Did you know there’s this app, called Curbed, where the cab will be 30% less than it will be on Uber or Lyft, like, all of the time, and all you have to do is go to the App store, search for Curbed, scroll by the ad for Uber and/or Lyft, download Curbed, and input your credit card information.
One way to explain writer’s block is that you are wrapped tight, and not in that Coleman Hawkins sense. You are wrapped tight in shrink wrap, you are a fetish category horror story, your soul, your eyes, your dreams, your broth, everything’s covered, and then that ends, maybe, and if you didn’t accidentally drink yourself to death on purpose your miso breaks in the bowl like water damage on the yellow walls of a stoneground noodle.
It’s been so amazing to see you, please send me a text that you got home OK, okay?

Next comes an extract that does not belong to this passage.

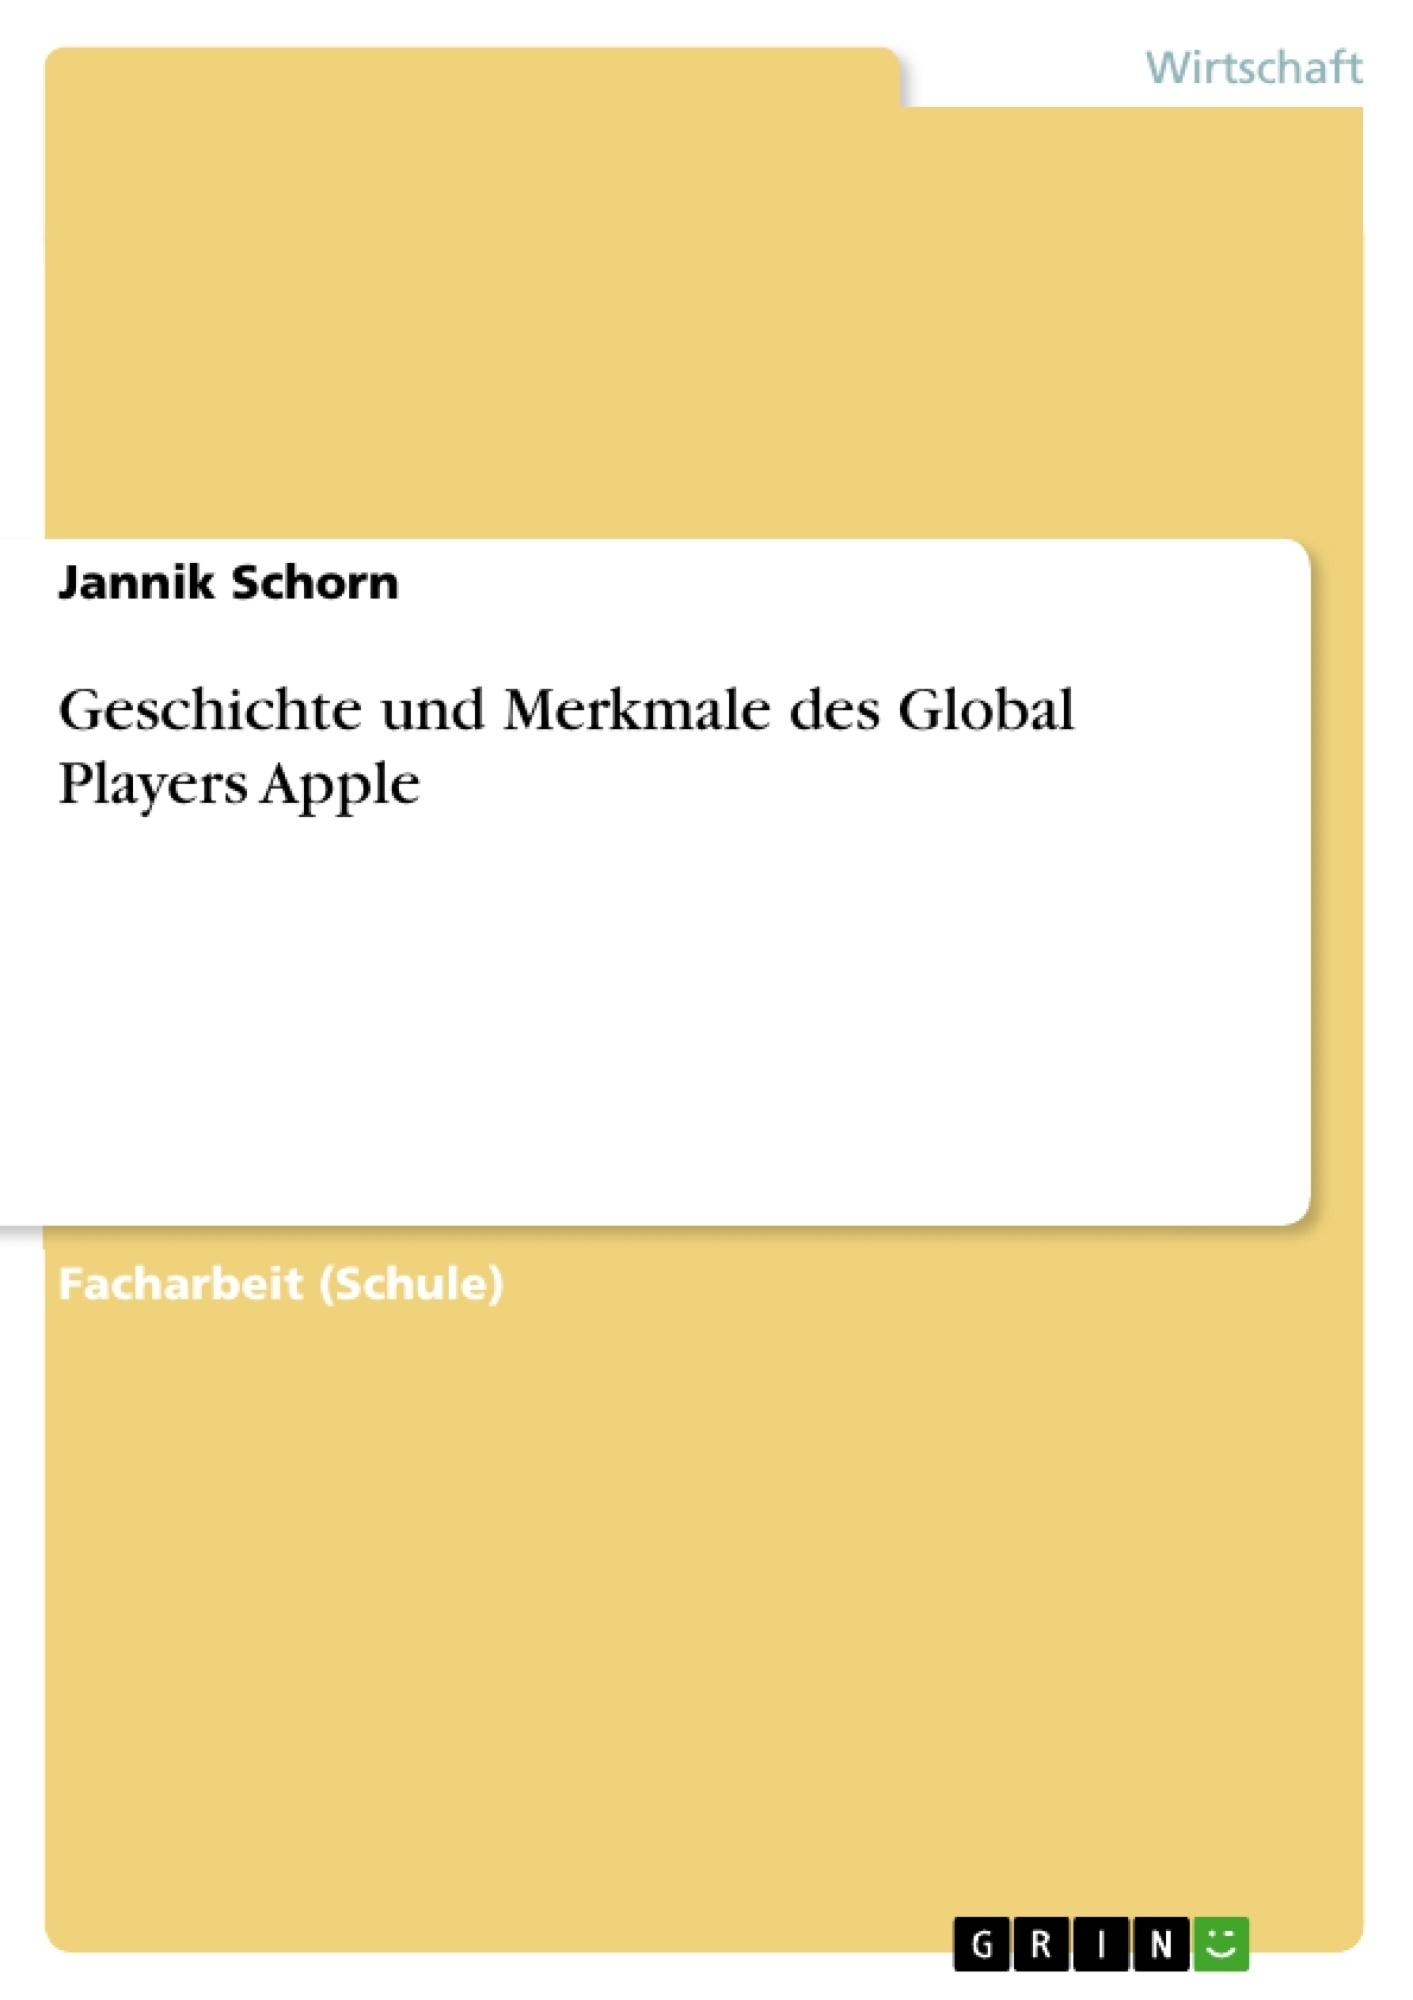 Titel: Geschichte und Merkmale des Global Players Apple

It’ll have a drunk typo I will superscript with a haha.
They tell themselves they are going to walk all the way home, or at least by her old apartment, in their dark chocolate brogues, but it’s too cold, even for them, to even make it to Chicago Avenue, so they hum Ryan’s line, I’ve been thinking some of suicide but there’s bars out here for miles, and head back into the Kerryman, where they don’t answer a woman in a white leather mini and black fishnets — even though the contrast is striking, even though they emote to themselves in *extreme Yasi Salek voice*, she’s not wrong — and hail themselves a Curbed.
Failing to get their seat belt on, not even coming close, really, they remember, suddenly, a woman-under-27 who rushed the stage when Big Thief started ‘Paul’ after Pitchfork that summer, and how she placed her hands on her heart when Adrianne sang, I’ll be a real tough cookie with the whiskey breath — they hope she had a good pandemic.
On the ride uptown they watch the curtained lake and think nothing, making out with the breath in their mask.
They don’t even look at the tentburbs on the cityside of the Drive and say nothing.
They don’t even think about Ani’s line about seeing Orion and saying nothing.
They walk around the block, swell at the Promote Black Joy sign, feeling as though they haven’t done it, and stop smoking the organic cigarette.
When they are through eating the supremacy-based dumplings and soy succotash, they read the Orgy w/ da Beotches chapter of Fuccboi and, because it looks like Star Trek is on Paramount Plus now, watch the Season 2 finale of Girls, remembering when they had a torso like Charlie, and they root Adam Sackler on to drink again, and Adam Sackler does, and they think about how Jenni & Lena and the rest of the writers in the writer’s room casually drew a connection, in this episode, between falling off the wagon and date-raping a woman who has a great time at brunch.
And yet, wanting to masturbate in the dark to Marnie and/or/with the blonde in the silver-linked Gucci belt, they instead learn the sentence is an anal surprise, aided by the imitation that picks you up like a habit, aided by their tiny, tiny readership, aided by Foster Grant.